Last year, two evangelical theologians had a bright idea. Wouldn't it be wonderful, they said, if evangelicals could achieve a broad consensus on the gospel and join in a common statement? These theologians felt the pinch of recent tense discussions over how to define the doctrine of justification, a key element of the gospel. They saw the need for a reference document for those engaged in interchurch dialog, for theological students, for pastors, for parachurch ministries, for itinerant evangelists, and for the rest of us. Those two theologians recruited some top Christian leaders and scholars (along with two representatives of Christianity Today). Now, almost a year later, the fruits of their passion appear below.
Of the making of many statements, there is no end. In the history of evangelical Protestantism, issues and opportunities have called forth declarations on various topics. The Lausanne Covenant (1974) is the most famous and influential, with the Chicago Statement on Biblical Inerrancy (1978) running a close second.
Curiously, those who bear the name evangelical (a term that means "of or relating to the gospel") have never put forth a large-scale defining document about the gospel. That is because the gospel itself has not been at the center of modern disputes. In the decades when many evangelical institutions were being founded (from the National Association of Evangelicals and Youth for Christ in the early forties through Fuller Seminary and the Billy Graham Evangelistic Association and up to Christianity Today in 1956), most Protestants agreed (at least formally) on justification, though they were at odds over a multitude of other issues.

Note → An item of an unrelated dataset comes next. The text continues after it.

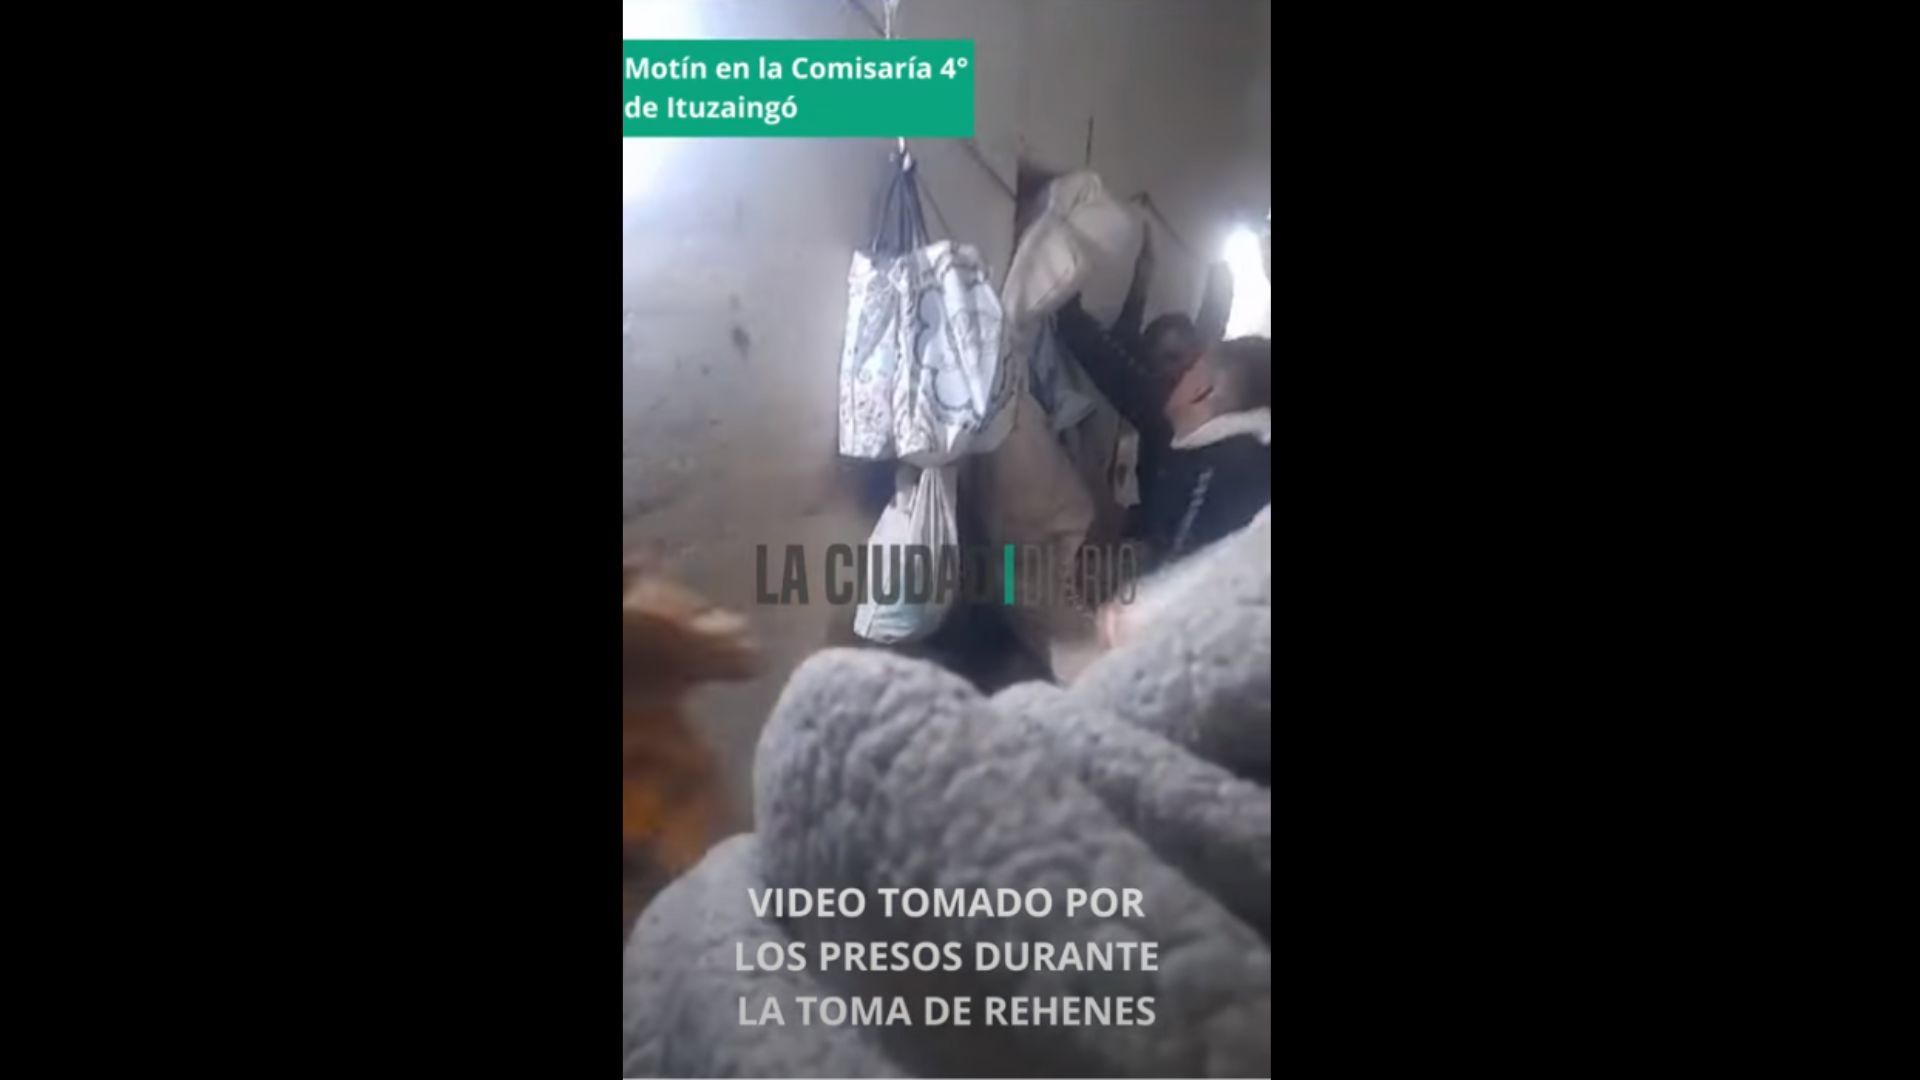 "Metimos dos cobanis para adentro": así hablaban los presos del motín en la Comisaría 4° de Ituzaingó que fueron trasladados a La Plata

As modern evangelicalism emerged from its isolation and engaged American culture as it then was, evangelical leaders paid attention to safeguarding the authority of the Bible and the propositional nature of truth in order to counter the existentialist, liberal, and neo-orthodox tendencies in the theological world of that day.
Today, classic theological liberalism is no longer the church's main threat. As we enter a post-Christian world, one driven by consumer culture and the entertainment industry, we face more basic challenges, such as the radical devaluation of human life. In this context, we find ourselves standing with Catholic and Orthodox believers on key social issues. In deed, through collaboration with Catholic and Orthodox activists in the prolife movement, many evangelicals have discovered a genuine appreciation for and developed friendships with them. This deeper friendship has required that Protestants know their Protestantism (and that Catholics know their Catholicism and the Orthodox, their Orthodoxy).
Providence gave the first evangelicals a gift: at the time of the Reformation, the renewal of classical learning provided an opportunity to return to the sources of the gospel, sharpen the church's understanding, and disseminate that understanding through new channels of travel, communication, and commerce. Today, in evangelicals' ongoing contact and collaboration with the historic churches, it is time for us to revisit, reaffirm, and recapture the gospel. For as religious communities and Christian individuals come together to enrich one another and work together, the biblical understanding of the good news is, first, the most important thing that we can offer friends in these churches and, second, the only thing in which we can find true unity.